NFTs After the Crash: What Fueled the Craze, What Survived, and What Didn’t
Remember when everyone was talking about NFTs? When your timeline was flooded with digital apes drawings, and that one crypto bro wouldn't shut up about his "investment" in a JPEG? Yeah, those days are over. But what actually happened, and is anything left standing?
The Perfect Storm
The NFT craze was a perfect collision of post-pandemic weirdness, crypto money, and Fear Of Missing Out (FOMO).
It is 2021, you are probably still half-stuck at home and people who bought Ethereum years ago are suddenly rich. Now, they are looking for the next thing that mines like gold, and NFTs seemed like it.
At that time, it might look like Bored Ape Yacht Club were just selling monkey drawings but what they were actually selling was status. Owning one meant you were in an exclusive digital country club with a six-figure entry fee.
Then celebrities jumped in. Paris Hilton showed off her NFTs on The Tonight Show. Snoop Dogg revealed he had been anonymously buying them. Suddenly, NFTs felt legitimized.
If you were not minting, trading, or at least talking about NFTs, you felt like you were missing out on generational wealth.
The narrative was intoxicating and it felt like the future was here. The future of art where artists finally getting paid without the gallery gatekeepers.
The Crash
By late 2022, the party was over that it almost felt like the whole trade was, in itself, a dream. The broader crypto market crashed, dragging NFTs down with it. Trading volumes collapsed by over 95%. Those Bored Apes that sold for hundreds of thousands of dollars were now worth less than a used car.
The problems became impossible to ignore. Most projects had zero actual utility — just promises and Discord servers that went completely silent after the mint. The market was flooded with copycat collections. Rug pulls happened constantly. Rumours, in fact, started to go round that the whole trade was just a front for money laundering.
Turns out, when your entire value proposition is "someone else will pay more for this later," you are just playing with a hot yam.
What Died
One major casualty that can be pointed to is the vast majority of those 10,000-piece profile picture collections. They are now worthless. Check OpenSea; it is a graveyard of abandoned projects with zero trading volume.
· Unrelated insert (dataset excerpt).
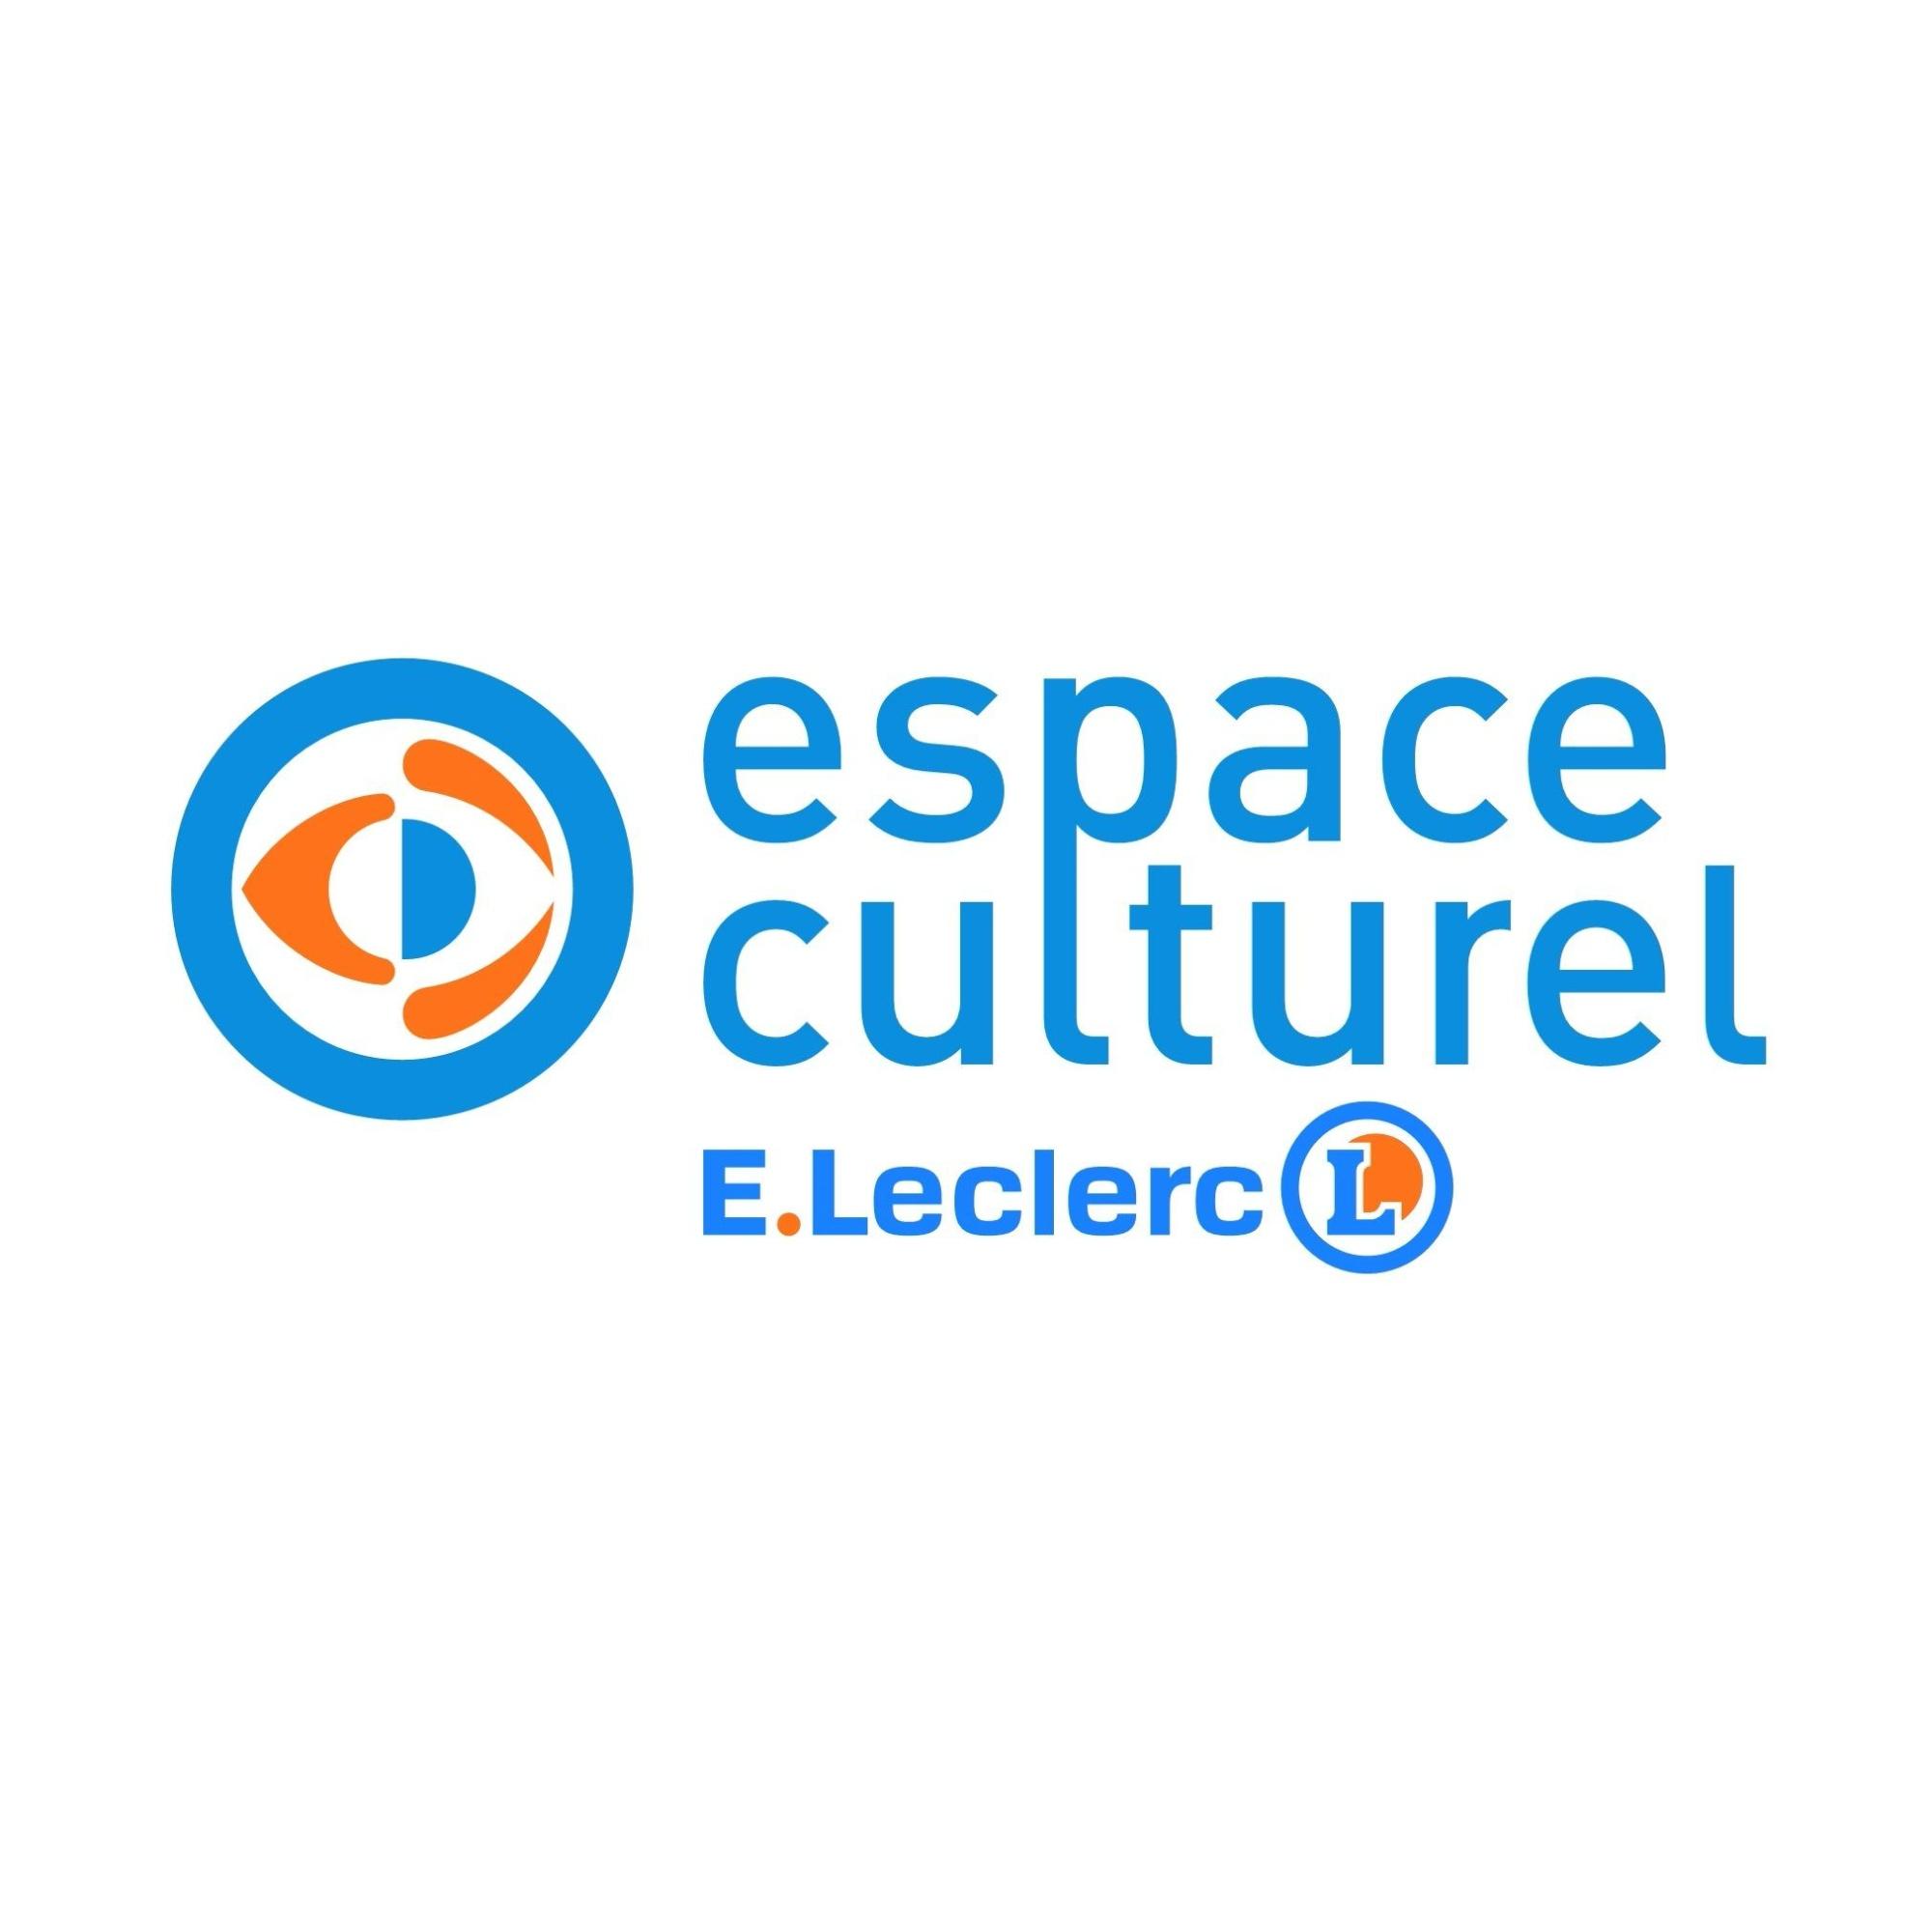 E.leclerc Espace Culturel Vernon

Virtual land in metaverses that never materialized is now worth less than actual Monopoly properties. Celebrity NFT projects that dropped with massive hype are now case studies. Gaming companies that went all in on NFT integration faced player revolts and had to backtrack.
The infrastructure around the hype mostly evaporated. Even the language feels dated now. When was the last time someone unironically told you "WAGMI" (we're all gonna make it)?
What Actually Survived
However, NFTs did not completely die. They just got way less annoying about it. Good news, I guess.
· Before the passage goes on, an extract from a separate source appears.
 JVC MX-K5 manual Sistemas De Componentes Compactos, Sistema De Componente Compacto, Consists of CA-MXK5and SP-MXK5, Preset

Legitimate digital artists who were creating before the hype are still selling work to actual collectors. The difference is that these purchases are not speculative rather genuine art purchases.
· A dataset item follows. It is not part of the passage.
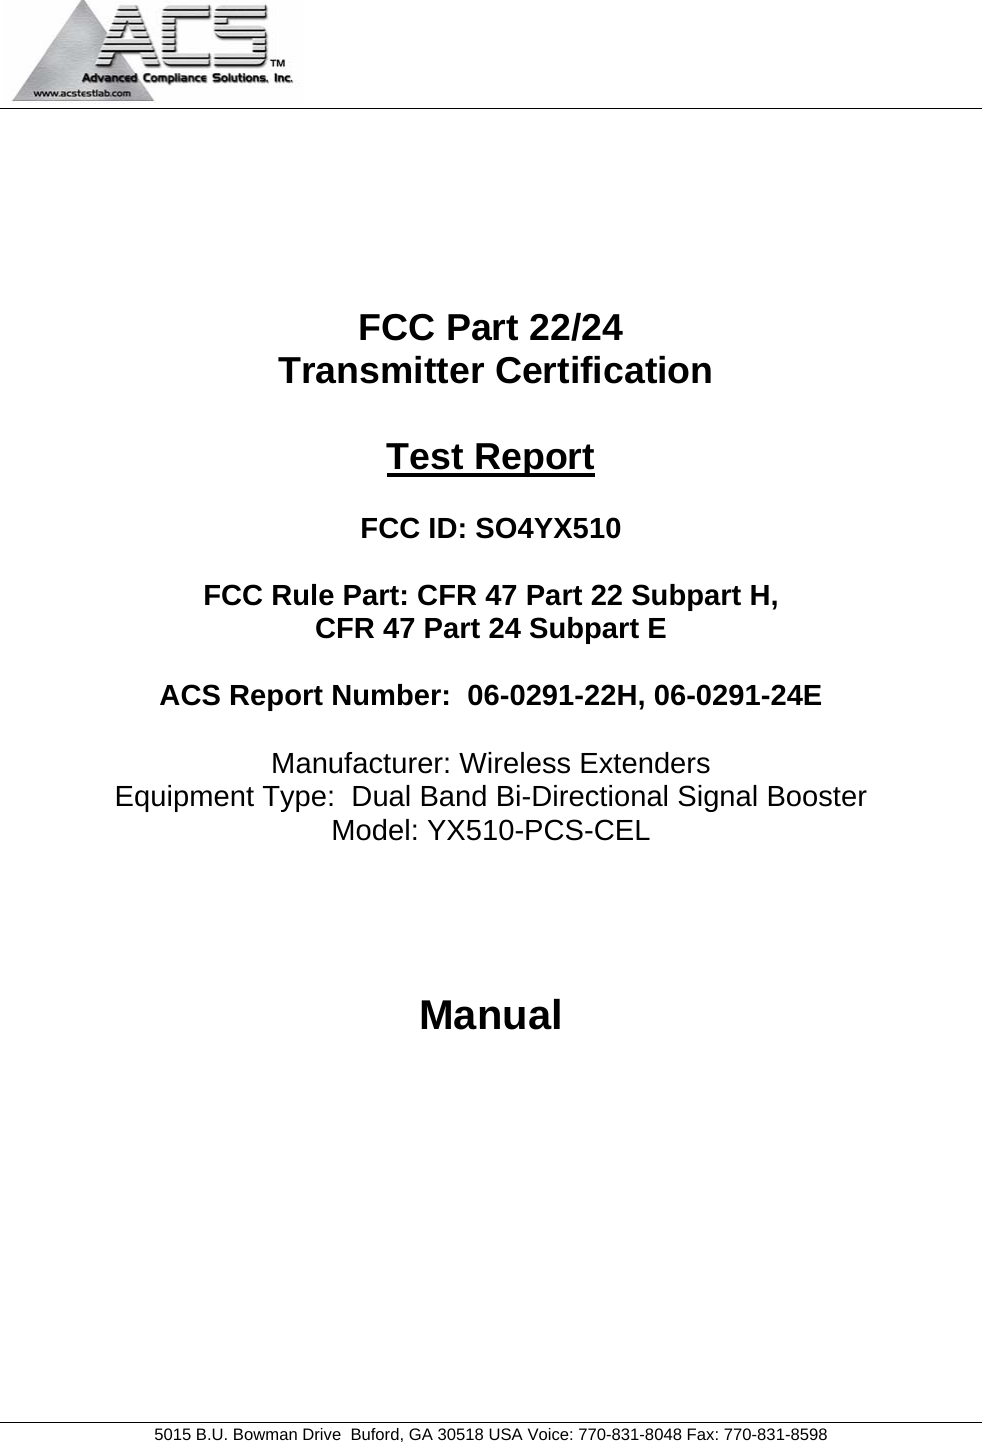                                            5015 B.U. Bowman Drive  Buford, GA 30518 USA Voice: 770-831-8048 Fax: 770-831-8598       FCC Part 22/24  Transmitter Certification  Test Report  FCC ID: SO4YX510  FCC Rule Part: CFR 47 Part 22 Subpart H, CFR 47 Part 24 Subpart E  ACS Report Number:  06-0291-22H, 06-0291-24E   Manufacturer: Wireless Extenders Equipment Type:  Dual Band Bi-Directional Signal Booster Model: YX510-PCS-CEL     Manual

Music NFTs are letting artists sell directly to fans without Spotify taking 70%. Some musicians are making more from a small NFT drop than they would see in years of streaming.
Brands figured out NFTs work better as loyalty programs than investment vehicles. Nike is using them for sneaker authentication. Starbucks experimented with NFT-based rewards.
Ticketing is probably NFTs' best use case. Blockchain verification can prevent scalping and prove authenticity without the speculative craze. Some events and communities still use NFTs as proof of attendance or membership, not as status symbols of the past, but as actual functional tools.
The Lesson
The NFT crash taught us something important. It lets us understand clearly the difference between technology hype and actual utility. Just because something uses blockchain does not make it automatically valuable.
What remains of the NFT world is quieter, less flashy, and genuinely more functional. The people still involved are not promising you will get rich. They are building actual tools for digital ownership, creator compensation, and authentication.
NFTs are not dead yet but that version that promised to make everyone instant millionaires absolutely is. And maybe that is for the best.
The real question now is not whether NFTs will make a comeback. It is whether the quiet, more practical applications can actually deliver on the promises the hype never could.
Probably not quite as exciting. But at least your timeline is bearable again.